Task instructions
When you reach the line containing "害虫東方正統派Foma Gordeyev: A", begin reproducing the material exactly, stop after the line containing "Závěsný organizér/držák s", and leave out any pictures along the way.

Source material
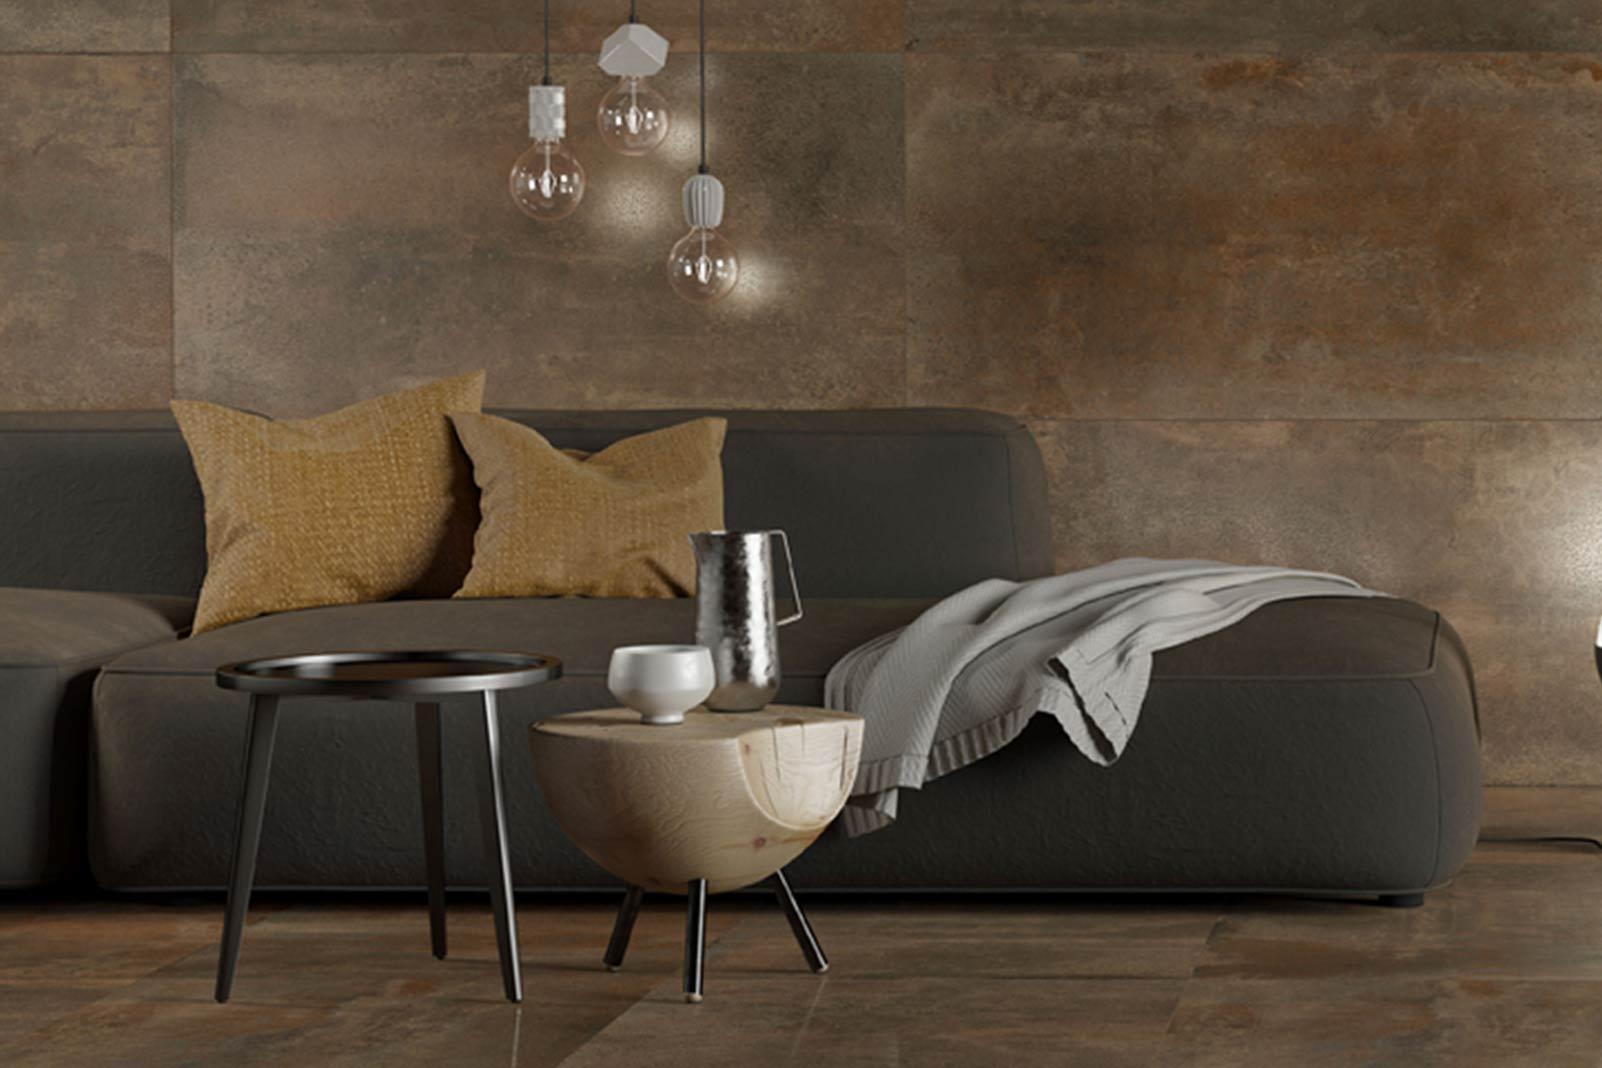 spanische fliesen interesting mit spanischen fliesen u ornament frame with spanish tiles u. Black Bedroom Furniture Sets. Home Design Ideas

--

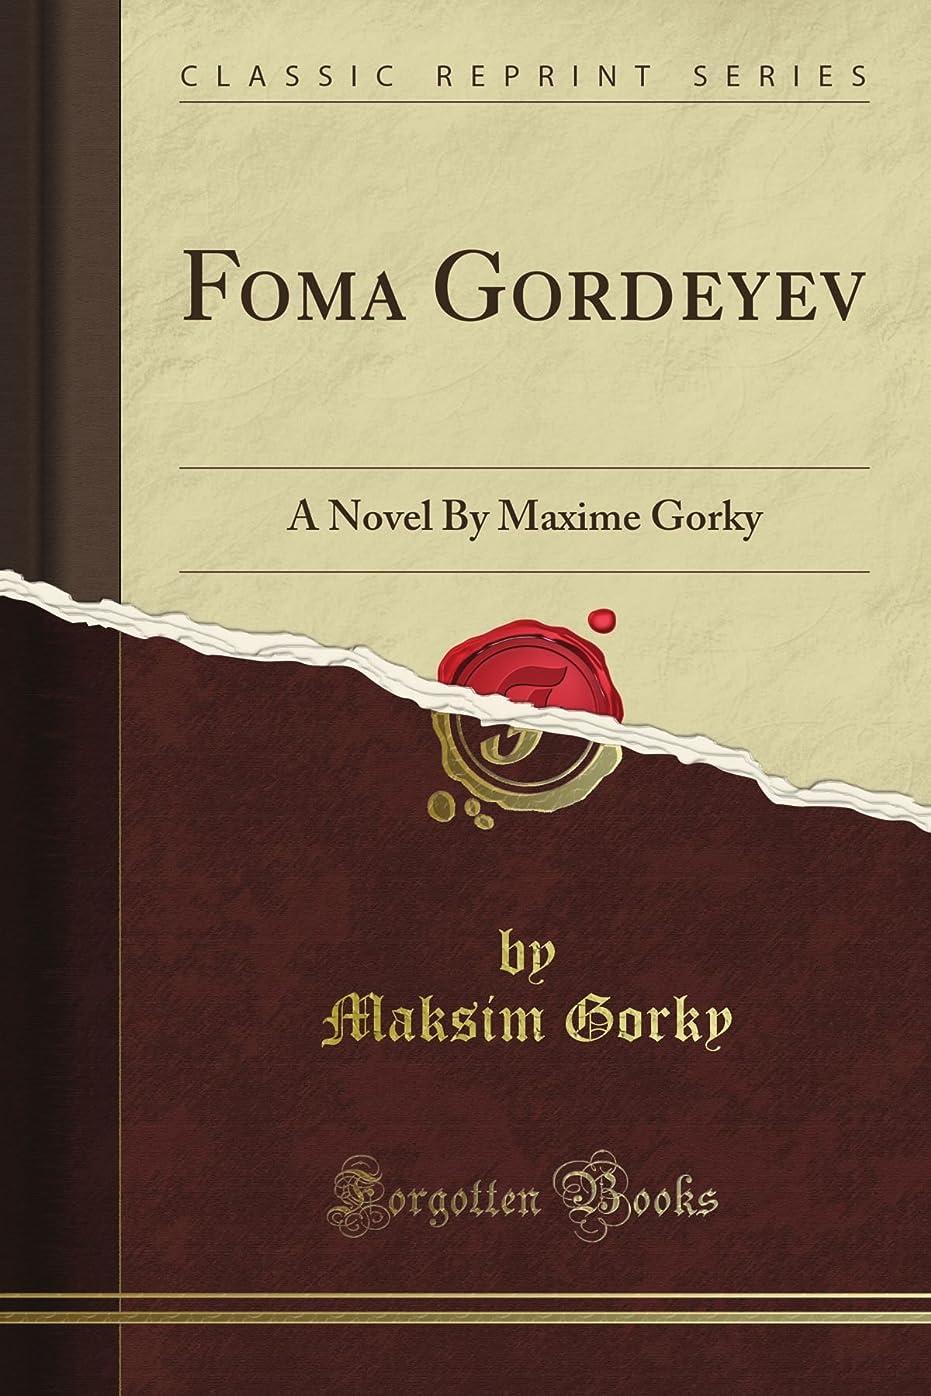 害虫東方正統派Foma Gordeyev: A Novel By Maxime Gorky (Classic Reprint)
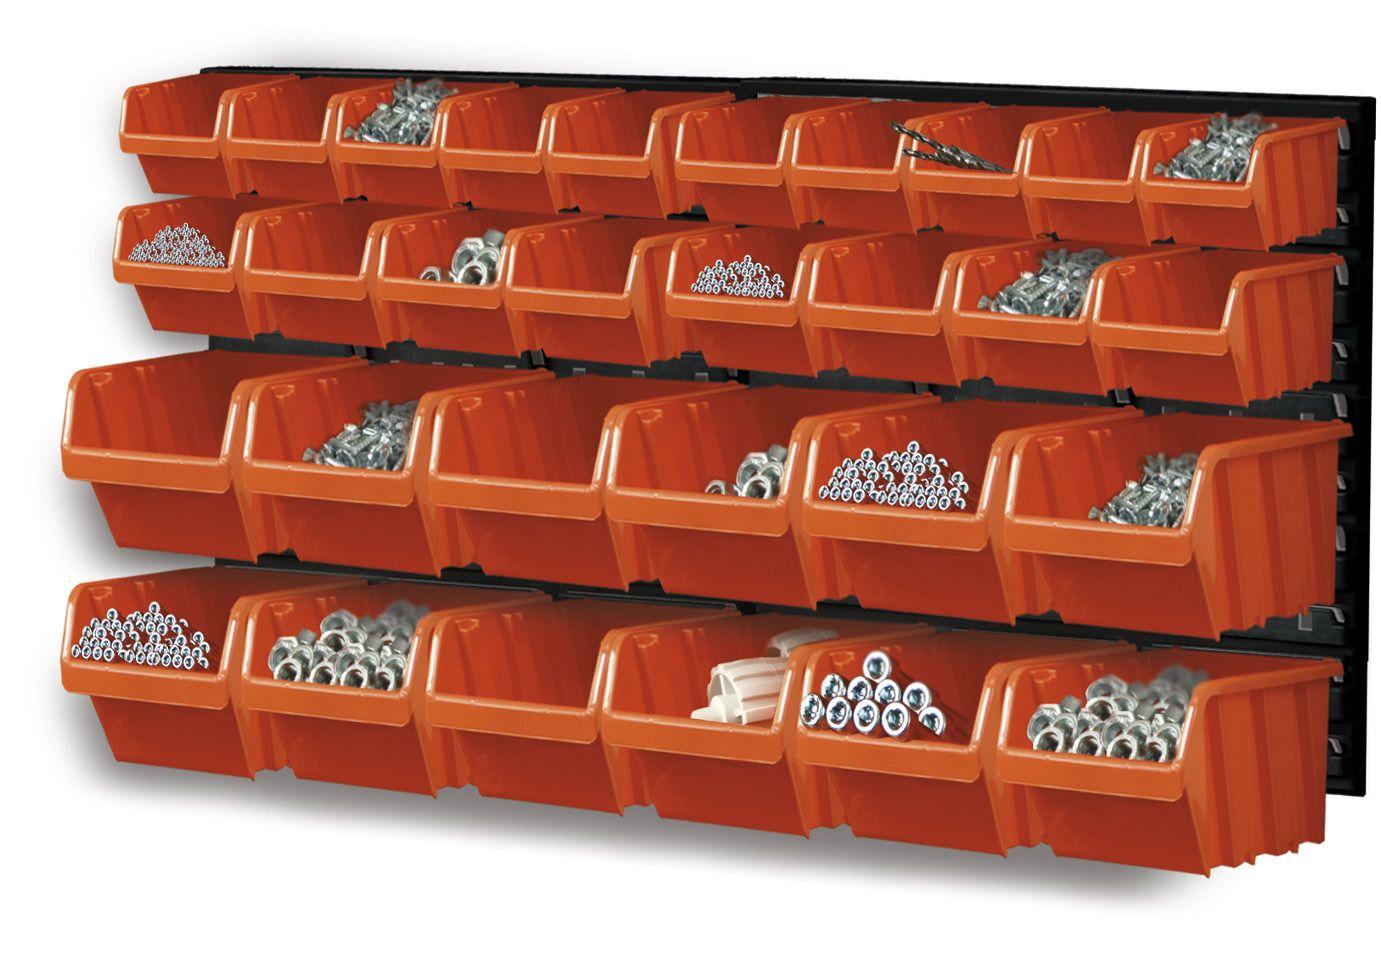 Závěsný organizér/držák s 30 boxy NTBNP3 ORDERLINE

Written solution
 害虫東方正統派Foma Gordeyev: A Novel By Maxime Gorky (Classic Reprint)
 Závěsný organizér/držák s 30 boxy NTBNP3 ORDERLINE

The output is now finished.